Someone say Fusso? 8) put it on my boxster S last year.


----------



## darylbenfield

Bouncers make very good waxes!


----------



## arpuc

******* UPDATE********
just short of 12months since I put a coat of this wax on. I've washed my car at least twice a month since and the car lives outdoor. Over the last 2 months I have applied a quick coat of Sonax BSD after a wash. I'm still quite happy with the results. I plan to strip this off soon and try something else for the coming winter.


----------



## KIFOO

darylbenfield said:


> Fusso isn't tricky to apply, just make sure you clay before hand (after washing) and a nice pre wax paint cleanser then bosh!
> 
> Coatings are trickier to apply and best to have them machine polished first to make the most out of a well prepped surface.

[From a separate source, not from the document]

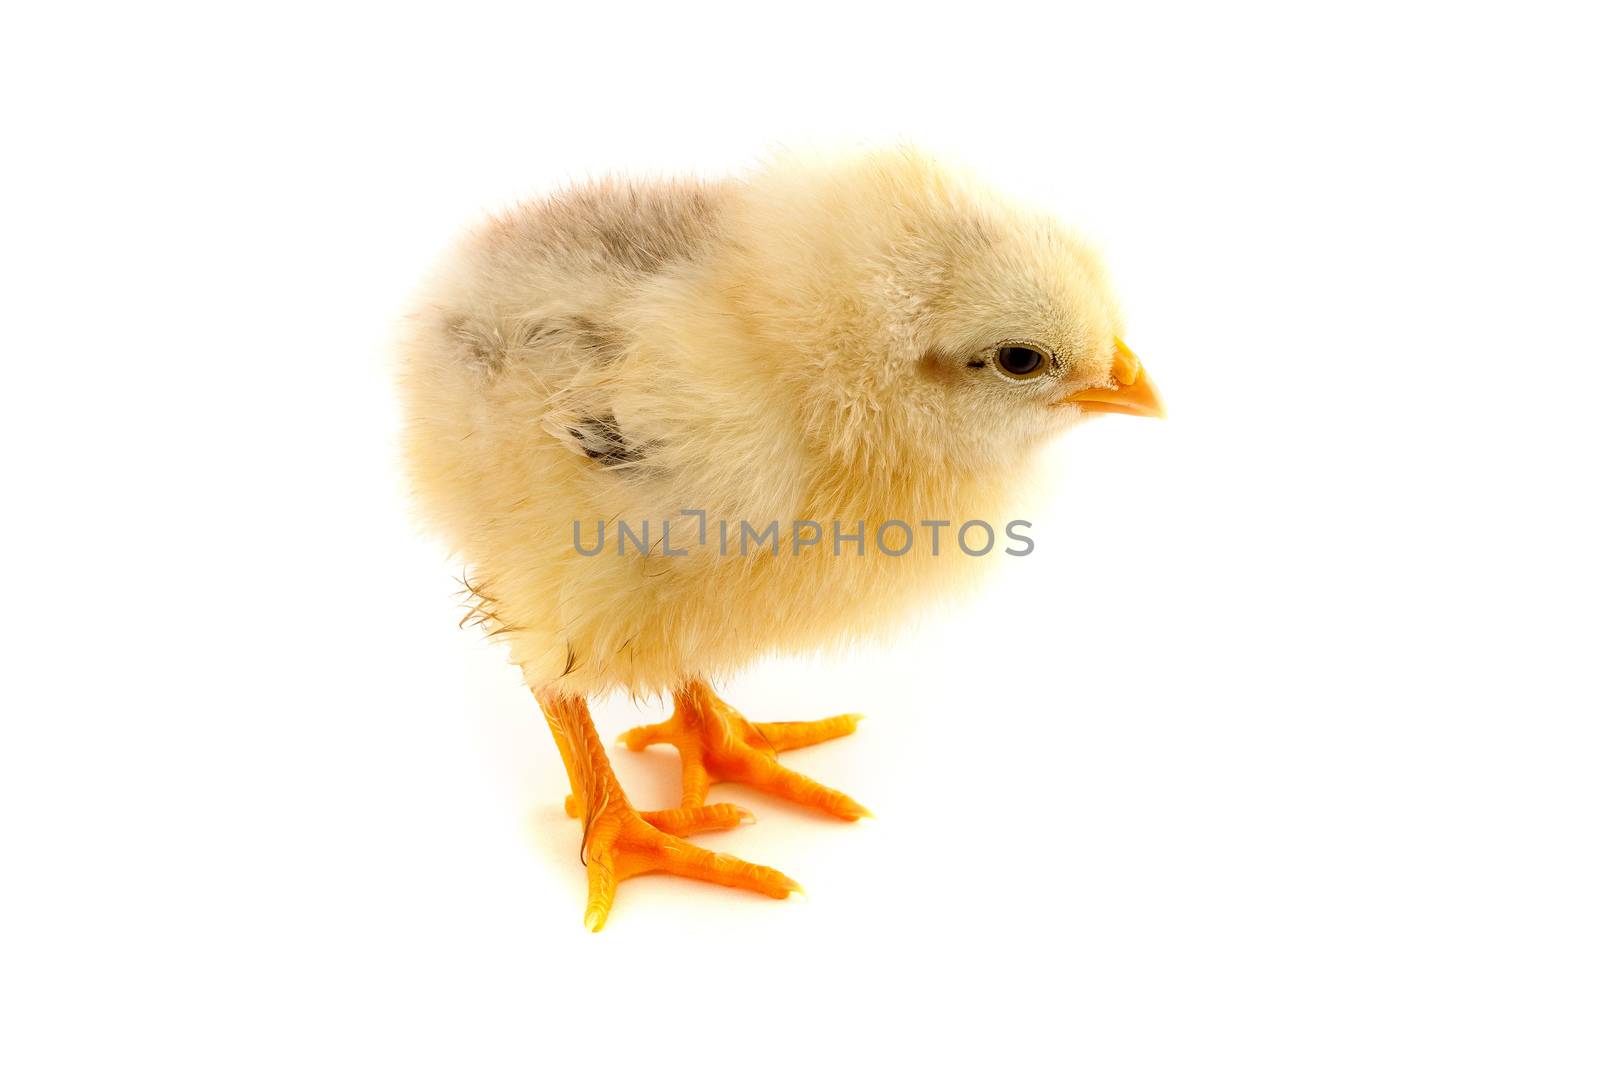 The yellow chick on a white background by bloodua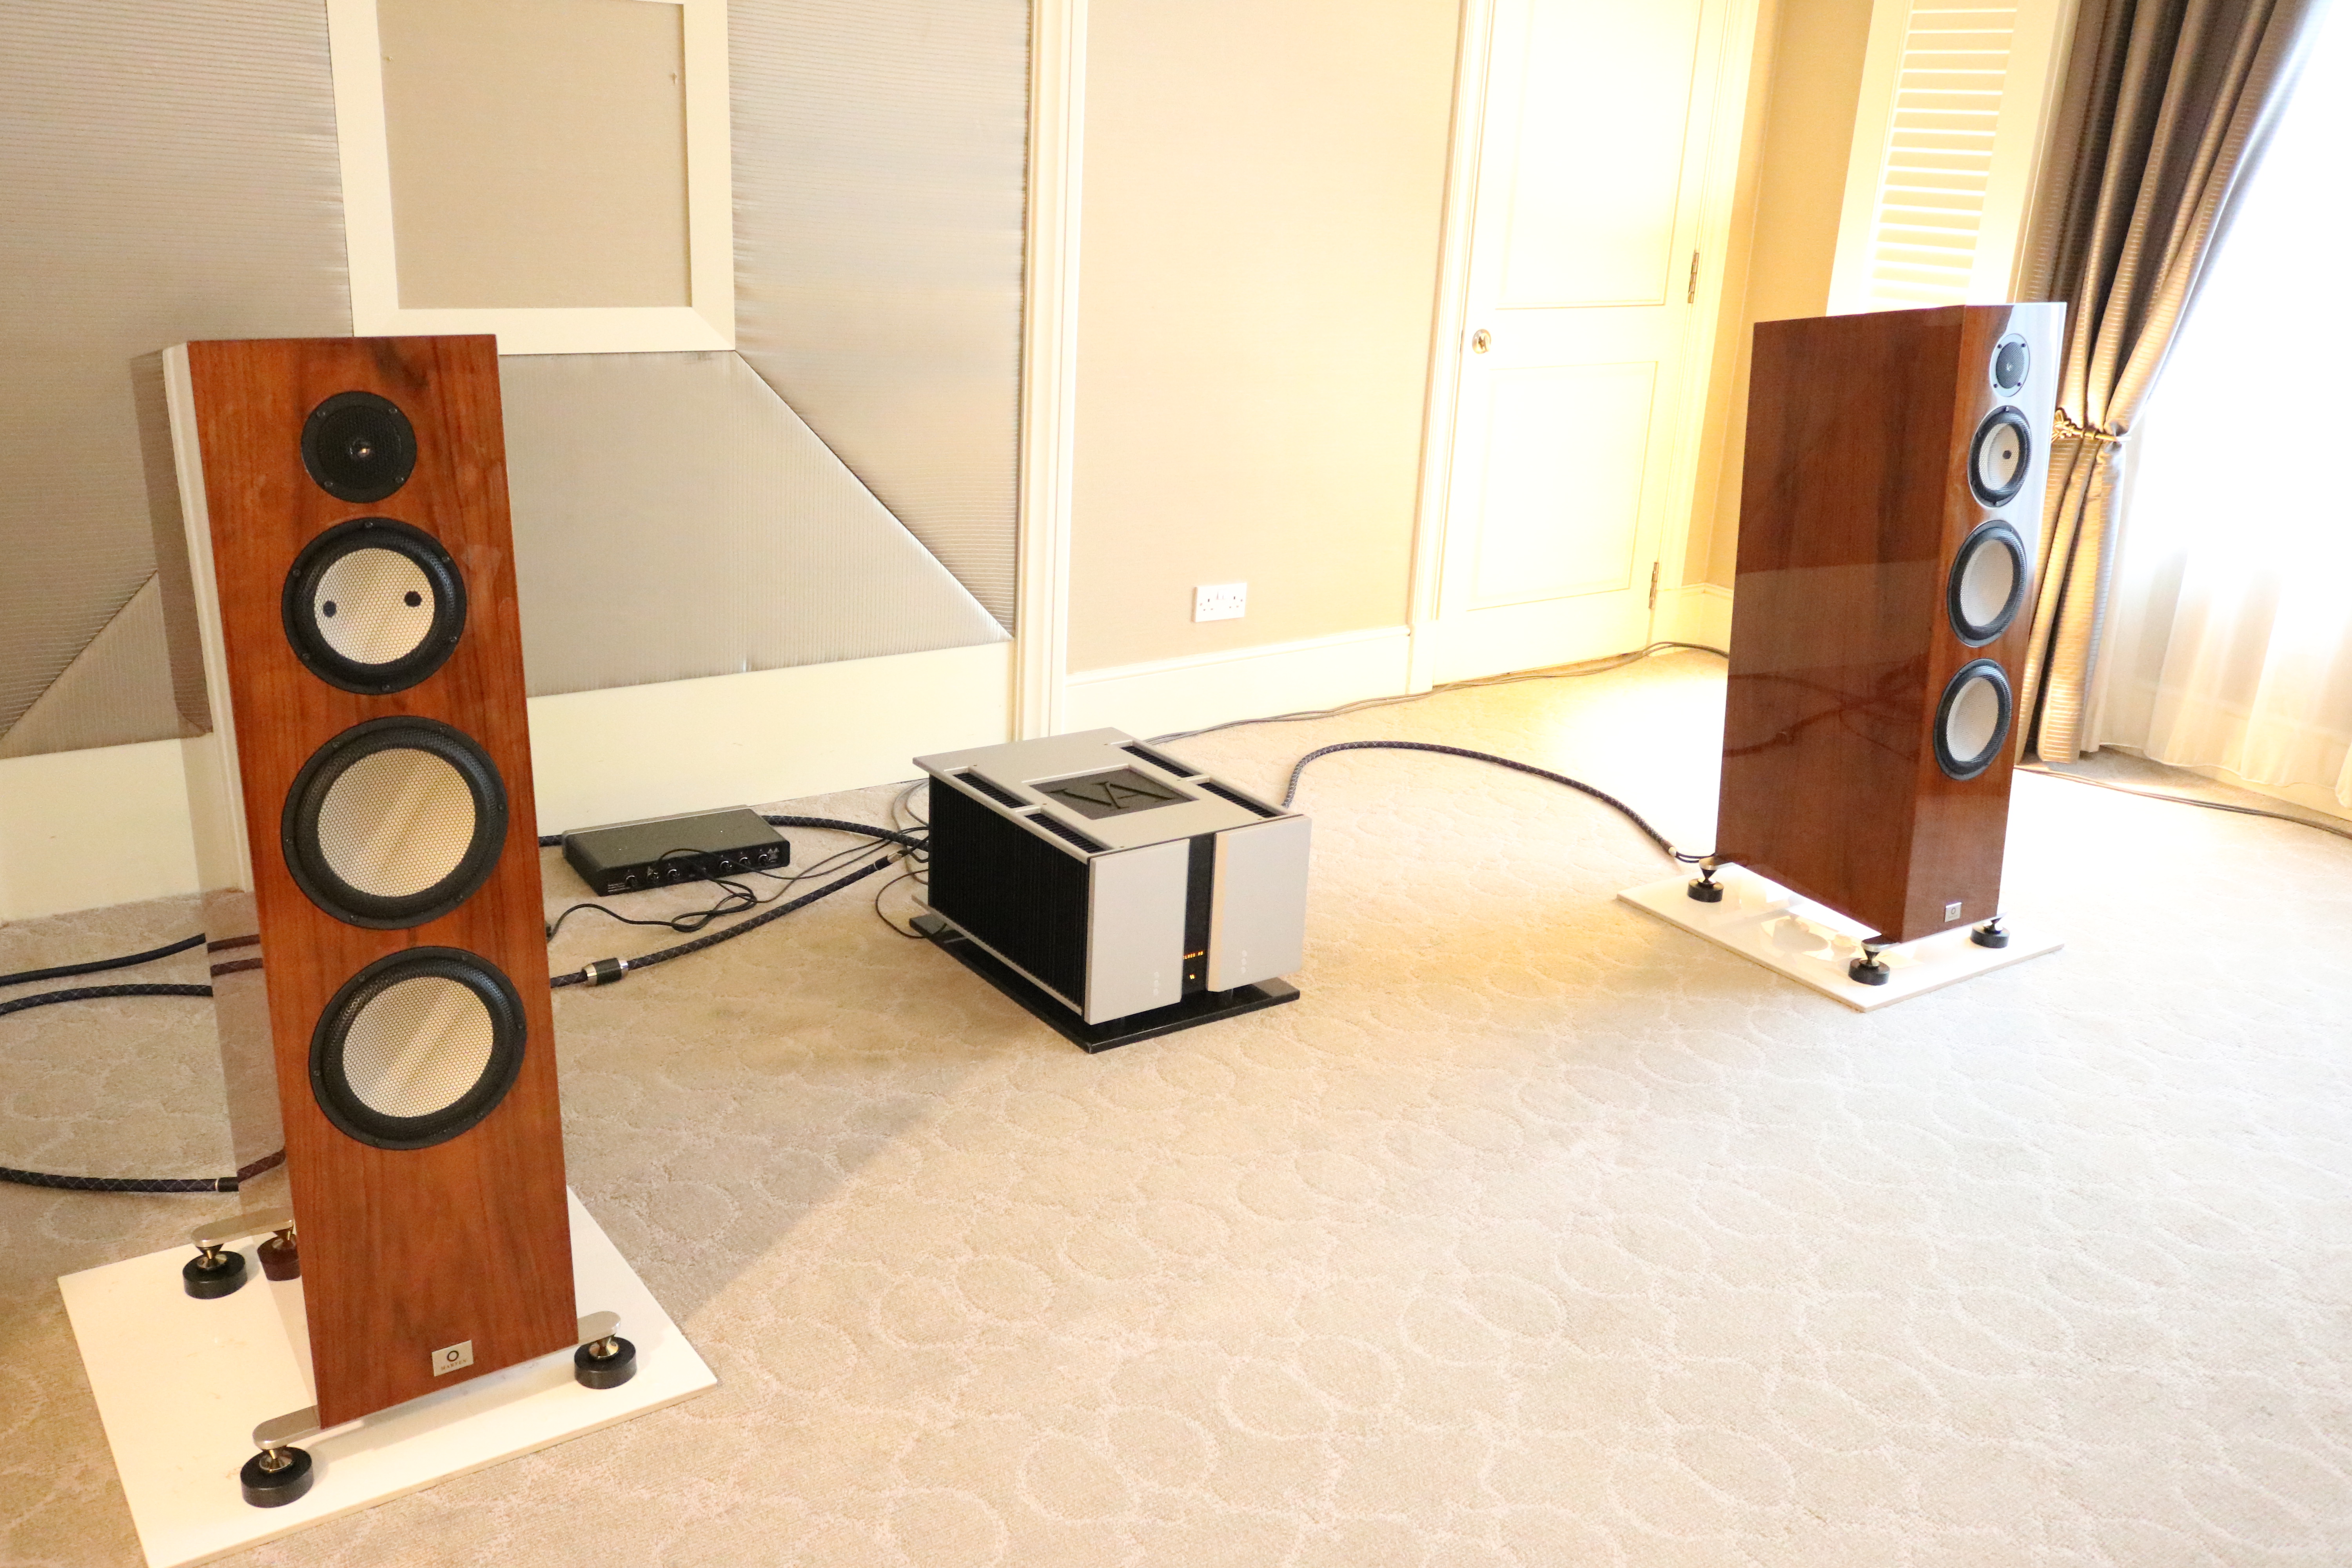 Marten Bird 2 speakers, Vitus pre and power amps, CD transport and DAC and Dohlmann turntable in the Swedisn statement room.

Hi daryl tried Fusso dark yesterday stripped off existing paint protection and applied to bonnet .result was very uneven dark & light patches  .Would you let complete area go white when wax is drying ,Fusso was hard to polish off when completely dry !Dont know wether I was putting on to much or not letting it dry properly .Had to strip it off & use a coat of swissvax much easier :lol: :lol:Any advice please mate


----------



## Danny1

KIFOO said:


> darylbenfield said:
> 
> 
> 
> Fusso isn't tricky to apply, just make sure you clay before hand (after washing) and a nice pre wax paint cleanser then bosh!
> 
> Coatings are trickier to apply and best to have them machine polished first to make the most out of a well prepped surface.
> 
> 
> 
> Hi daryl tried Fusso dark yesterday stripped off existing paint protection and applied to bonnet .result was very uneven dark & light patches  .Would you let complete area go white when wax is drying ,Fusso was hard to polish off when completely dry !Dont know wether I was putting on to much or not letting it dry properly .Had to strip it off & use a coat of swissvax much easier :lol: :lol:Any advice please mate
Click to expand...

Im no expert but I would guess you were putting too much on, 2 or 3 very thin coats would be better than 1 thick one.


----------



## KIFOO

Thanks mate may try it on another car , will try light coat and see how it goes :roll:


----------



## arpuc

Gave another fuss product a go this weekend. Nice results and plenty of shine. Time will tell how long it lasts.


----------



## foster2108

Going to try some of this in the Autumn as my winter protection


----------